Microwave Ablation Plus Dual Checkpoint Inhibition Enhances Immune Response in Locally Advanced Pancreatic Ductal Adenocarcinoma
Key Clinical Takeaways
- Design/Population: In a single-arm study, 12 patients with unresectable, non-metastatic, locally advanced pancreatic ductal adenocarcinoma received combination therapy with durvalumab, tremelimumab, microwave ablation, and gemcitabine; 6 patients underwent single-cell transcriptomics and TCR profiling.

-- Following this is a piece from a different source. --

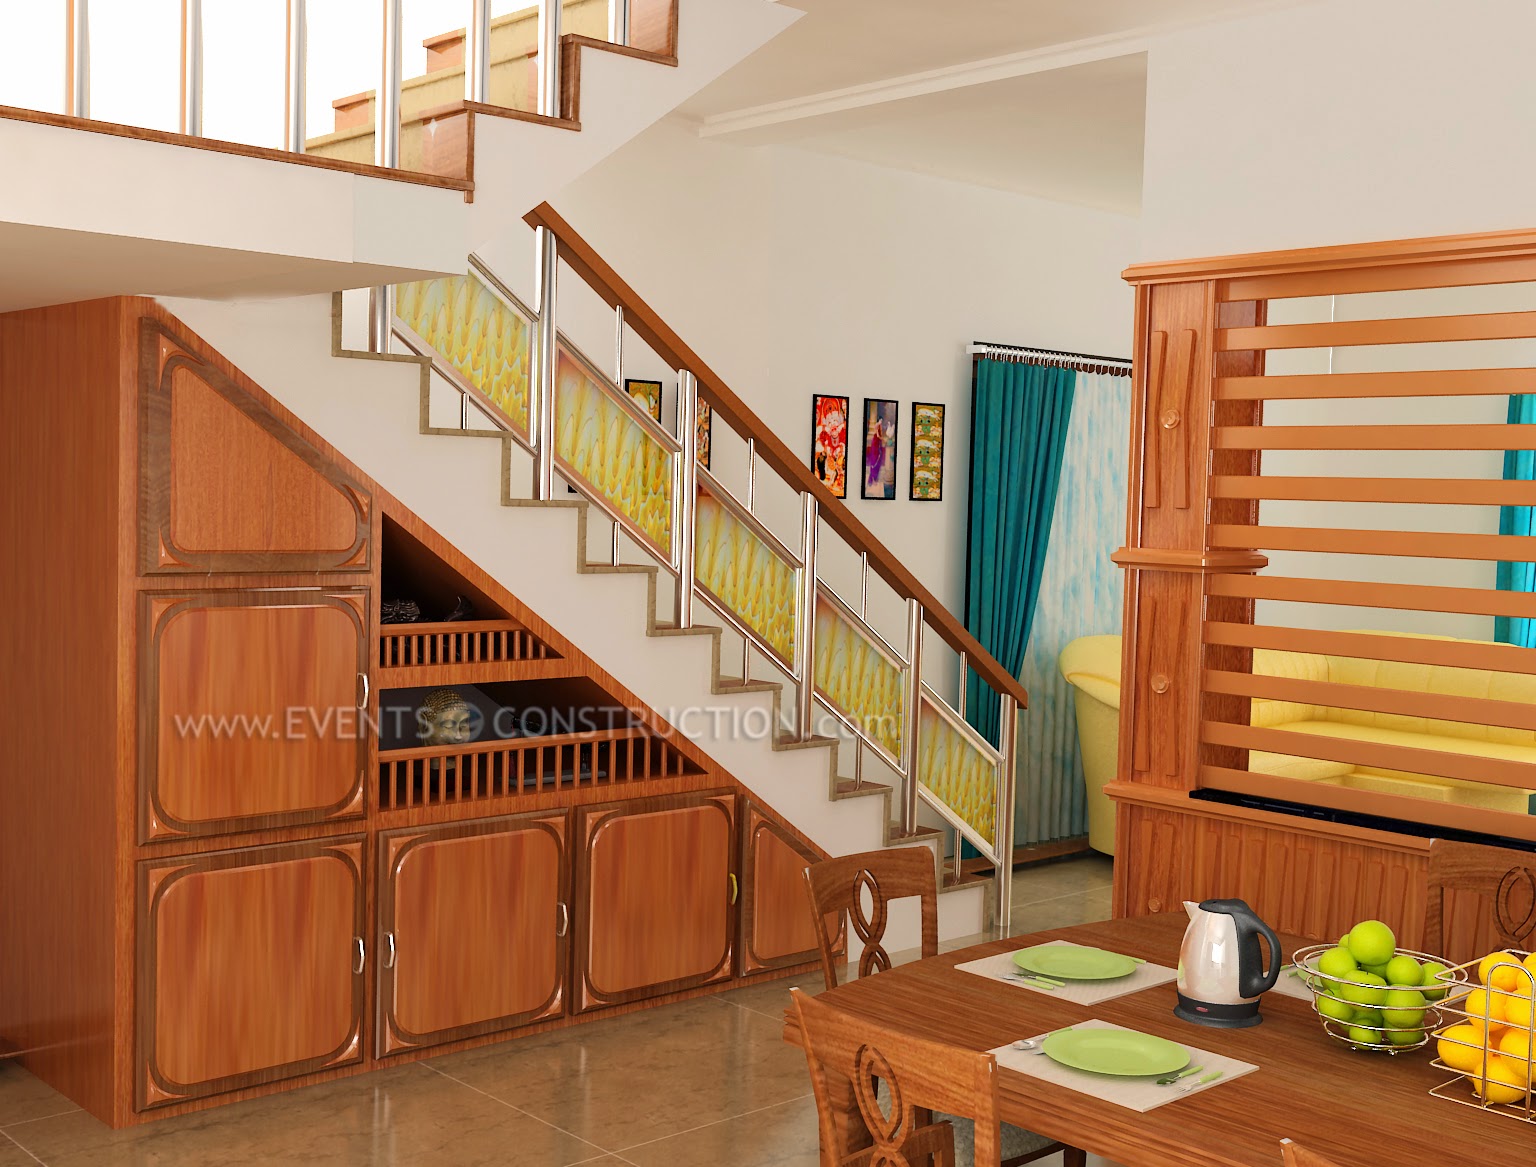 Staircase design for kerala homes | Garden Decoration Ideas Homemade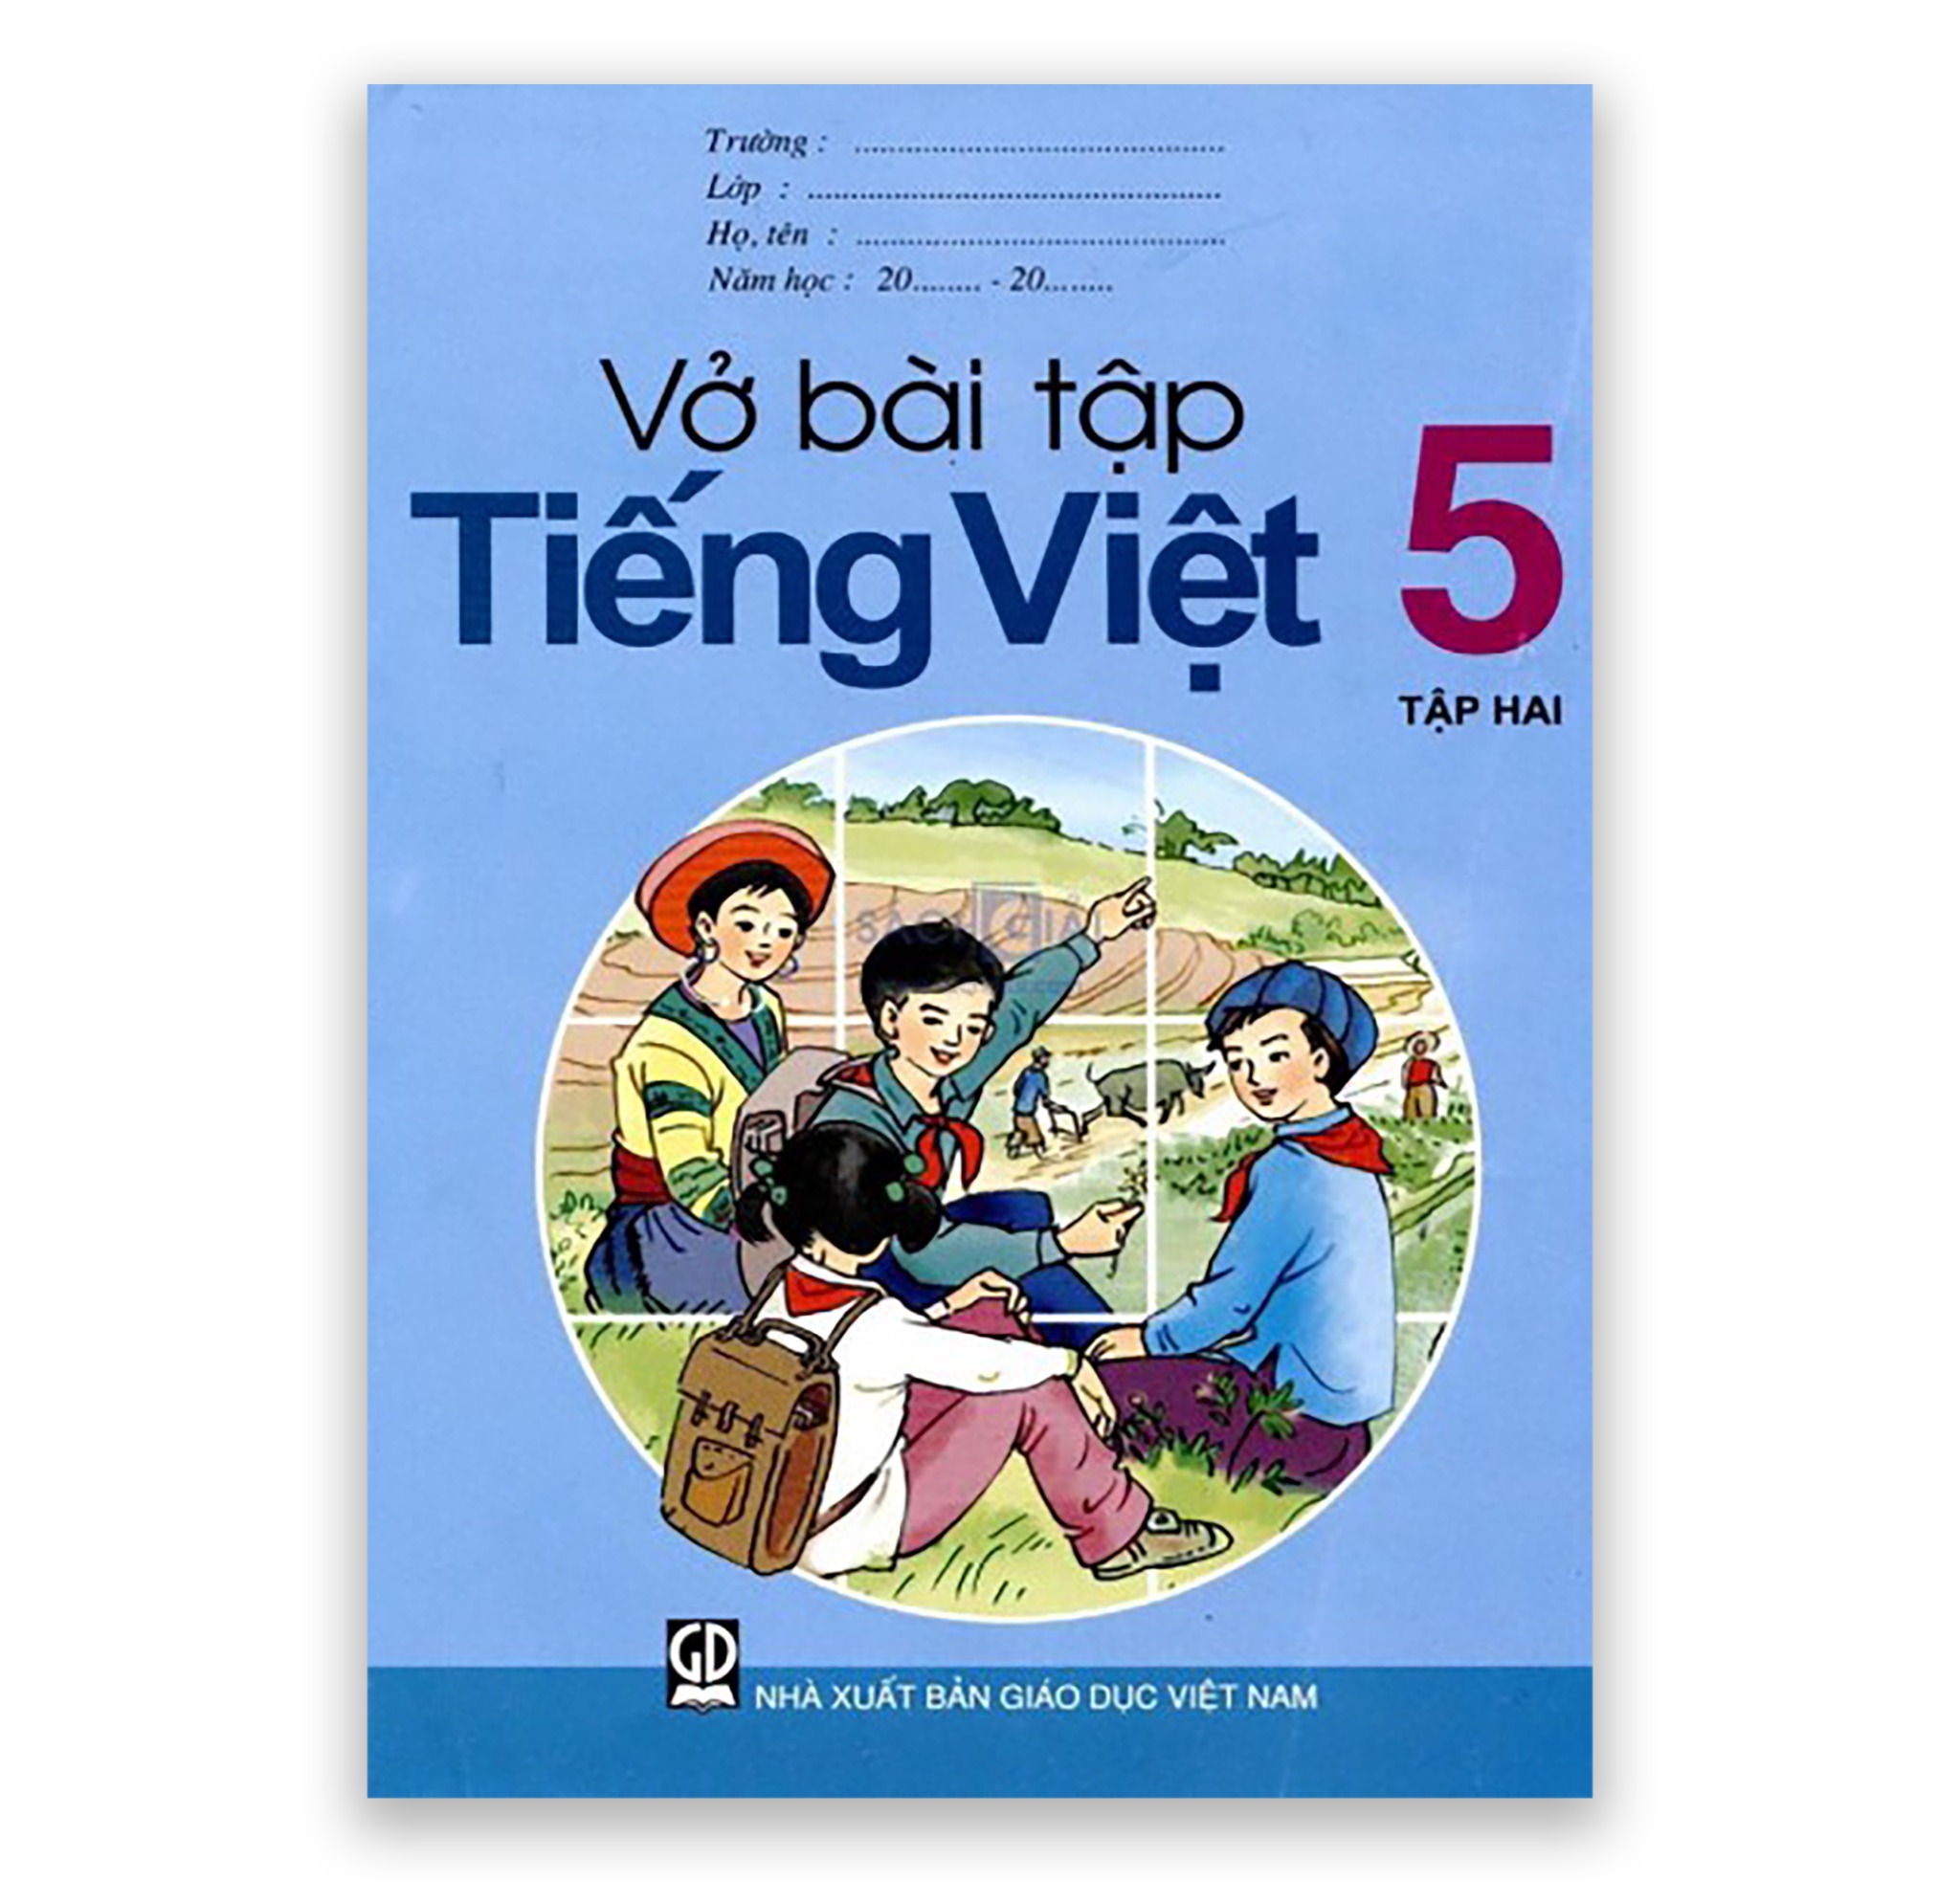 Vở Bài Tập Tiếng Việt Lớp 5 giúp các học sinh rèn luyện khả năng đọc hiểu và viết từ cơ bản tới nâng cao. Những bài tập thú vị và phù hợp với độ tuổi giúp học sinh hứng thú và tạo động lực học tập. Thông qua việc đọc và viết, con bạn sẽ học được những điều mới mẻ và rèn luyện khả năng sáng tạo, tư duy phản biện.

- Key Outcomes: Median PFS was 8.9 months overall and 11.2 months among patients completing therapy. One grade 5 toxicity occurred. Immune profiling showed overlap between CD8⁺ Temra cells in tumor and blood, and a high CD8⁺ Temra gene signature correlated with improved overall survival.
- Clinical Relevance: This combination regimen demonstrates early clinical activity and immune modulation. Findings suggest CD8⁺ Temra cells as potential biomarkers and therapeutic targets, supporting integration of local tumor ablation with immunotherapy in future clinical strategies.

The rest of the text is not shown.